Echocardiograms could save young athlete lives

July 3, 2012 3:07:38 PM PDT
Every year, about 100 young athletes die from cardiac arrest during or after competition.

It's generally the result of an undiagnosed congenital heart problem. But a new study says an echocardiogram might prevent the deaths.

An echocardiogram or sound wave heart exam can find the young competitors who are at risk for a lethal heart arrhythmia, or abnormal rhythm. This week's meetings of the American Society of Echocardiography offered up a study to this effect. But though the echo can find the problem, doing the test on every athlete may not be feasible or desirable.

Ten-year-old Jason lora had his heart checked with an echocardiogram. It's a test that can show congenital heart problems which may be worrisome if Jason pursues his athletic aspirations.

"At my new school, The City College Academy for the Arts, they have programs that I want to attend, mainly basketball," he said.

For Jason and other young athletes, this week's report says the echocardiogram used as a screening test may prevent cardiac arrest on the field.

It found that the echo test picked up 12 percent of 85 athletes who had previously unknown congenital heart disease.

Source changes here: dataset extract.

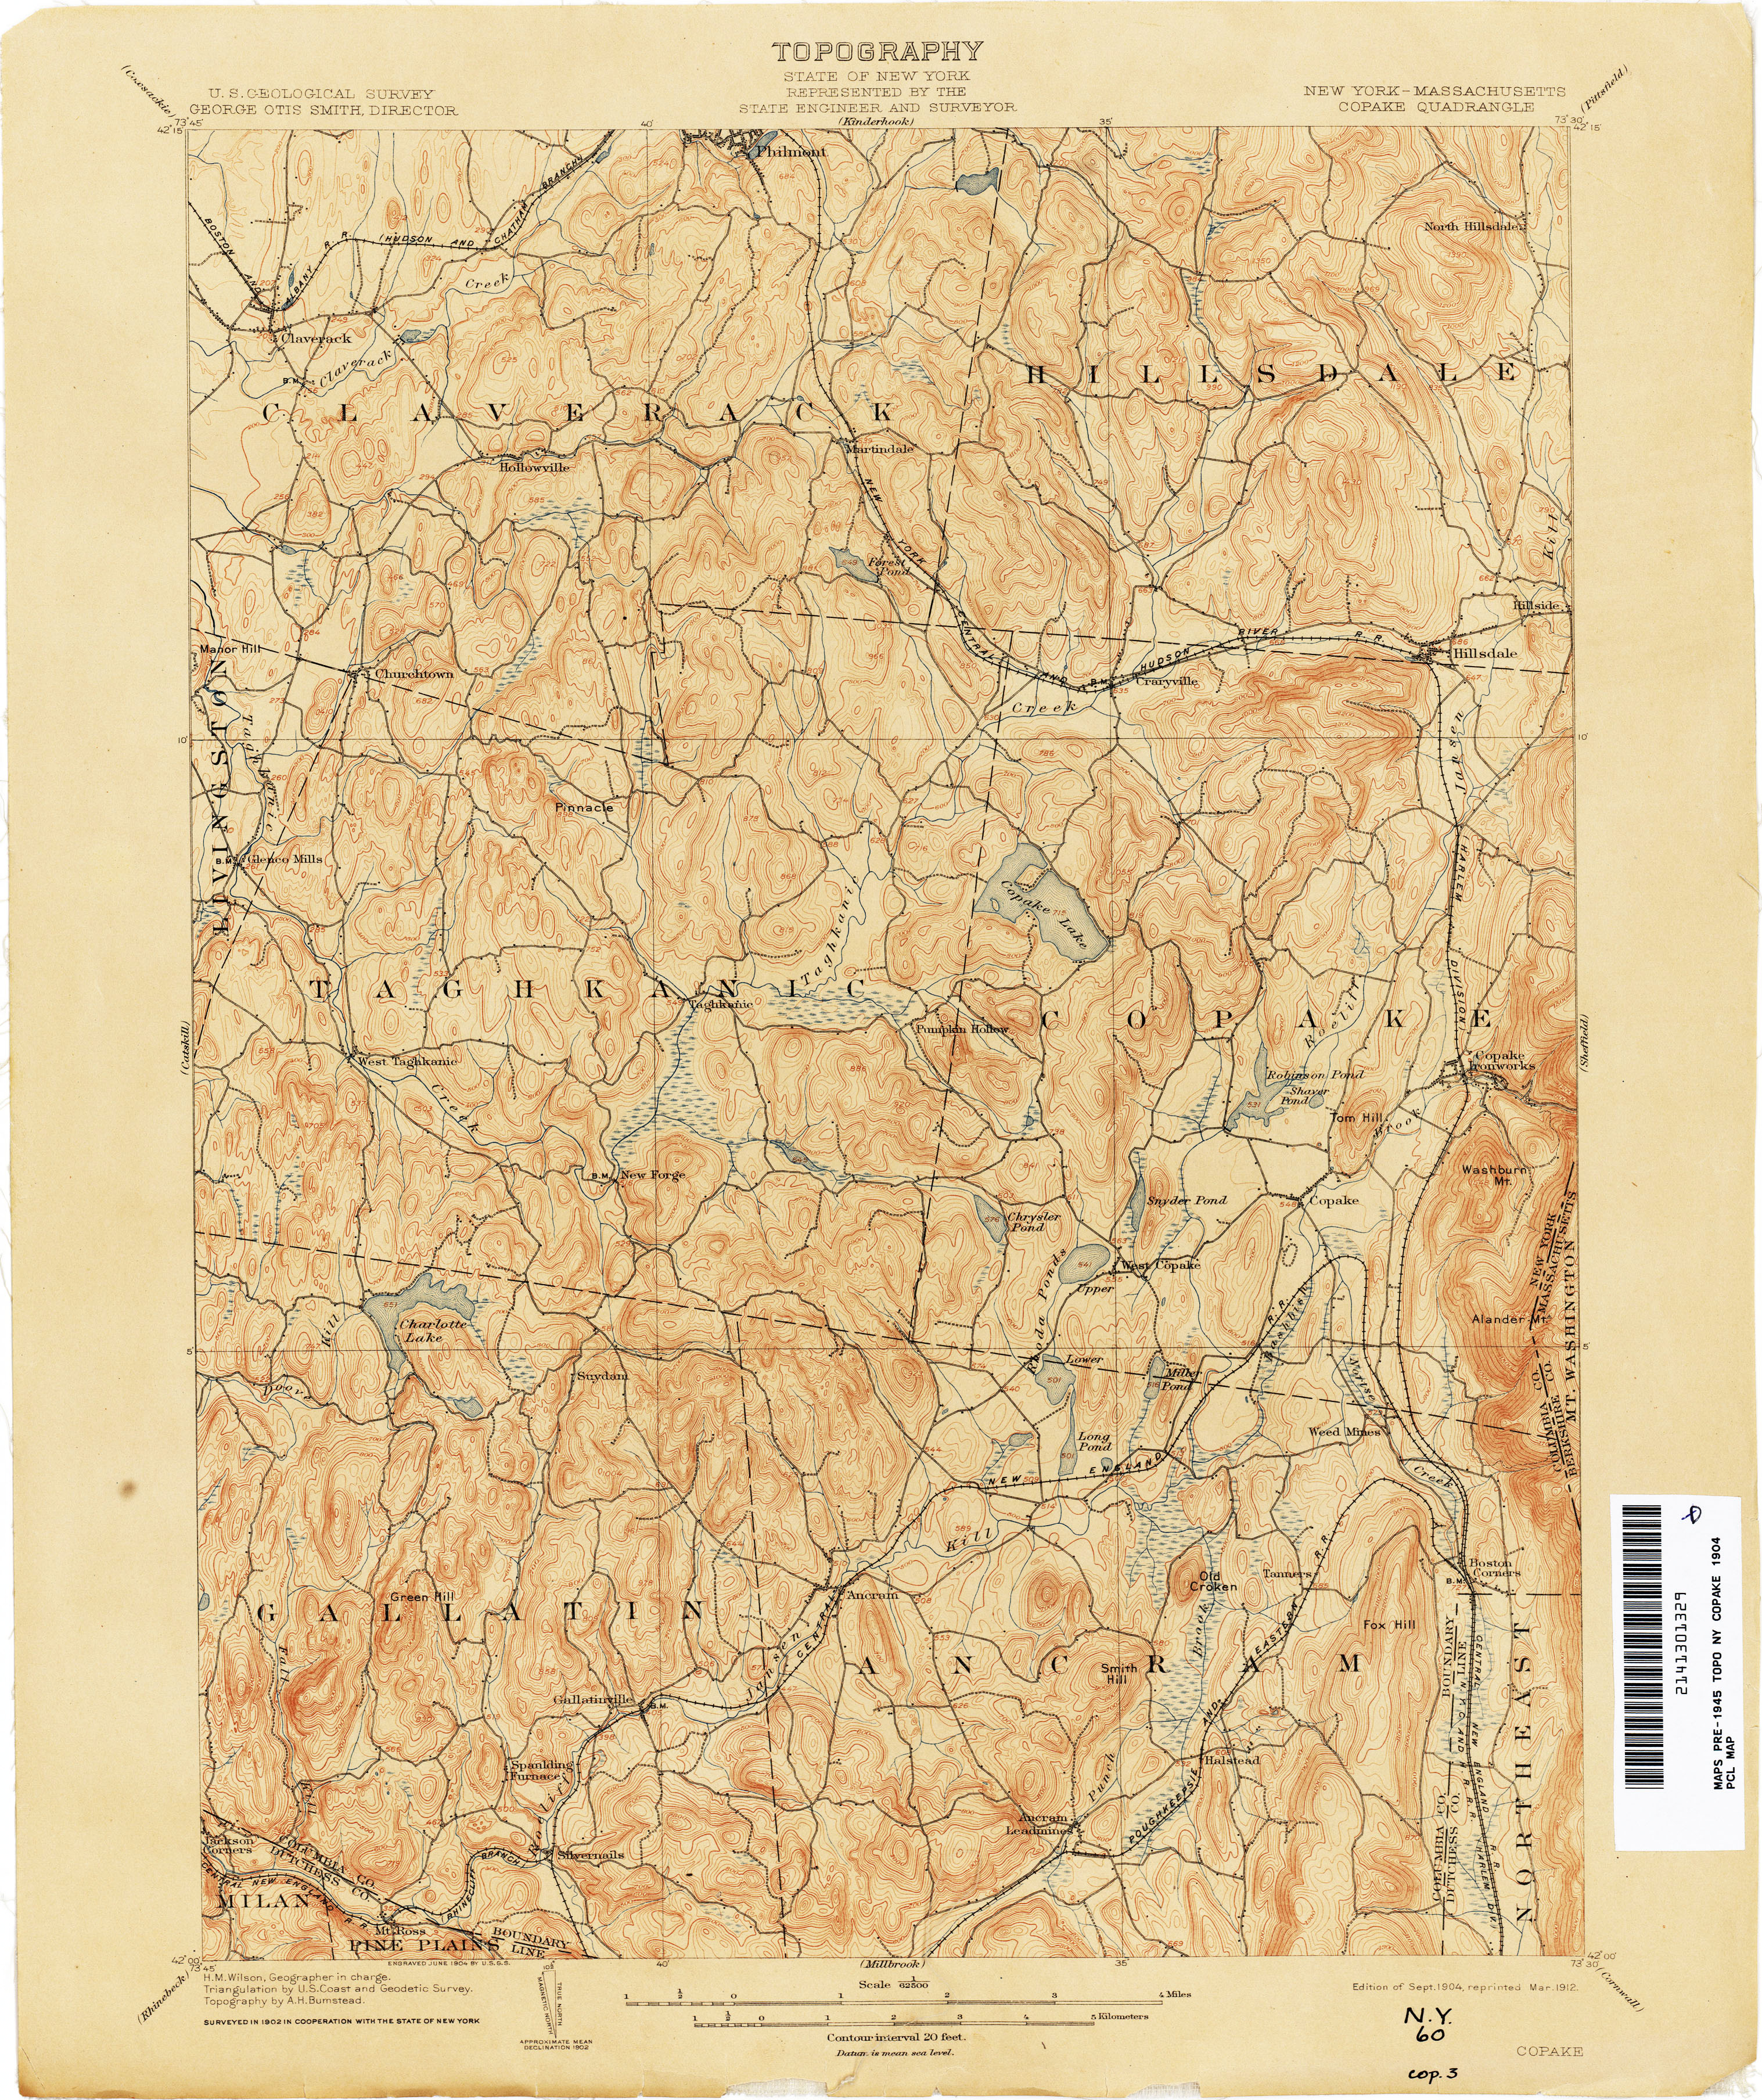 Carlisle Antique Billerica Massachusetts 1965 US Geological Survey Topographic Map \u2013 Middlesex County MA Chelmsford Tewksbury Concord

"The heart doesn't function well and because of that it's very sensitive to arrhythmias that can cause life threatening events and sudden death," said Dr. Richards Friedman, with NY-Presbyterian.

Young athletes are under physical stress, which releases adrenaline. Adrenaline plus a congenital heart problem can trigger abnormal heart rhythms and a cardiac arrest.

But Dr. Friedman says mentally outstanding kids taking a tough math exam have just as much stress as their physically outstanding classmates on the field.

Why not do an echo on everyone? Expense is one reason. Finding false positives that may never cause a problem is another. He says instead, doctors must ask carefully about symptoms of palpitations, shortness of breath and fainting. Then do an echo.

Doctors may want to do an echocardiogram if there is a history of sudden death in a member of the family. In most cases, if a congenital heart problem is discovered, it will end an athlete's career. That may be a small price in most cases compared to losing a life on the playing field.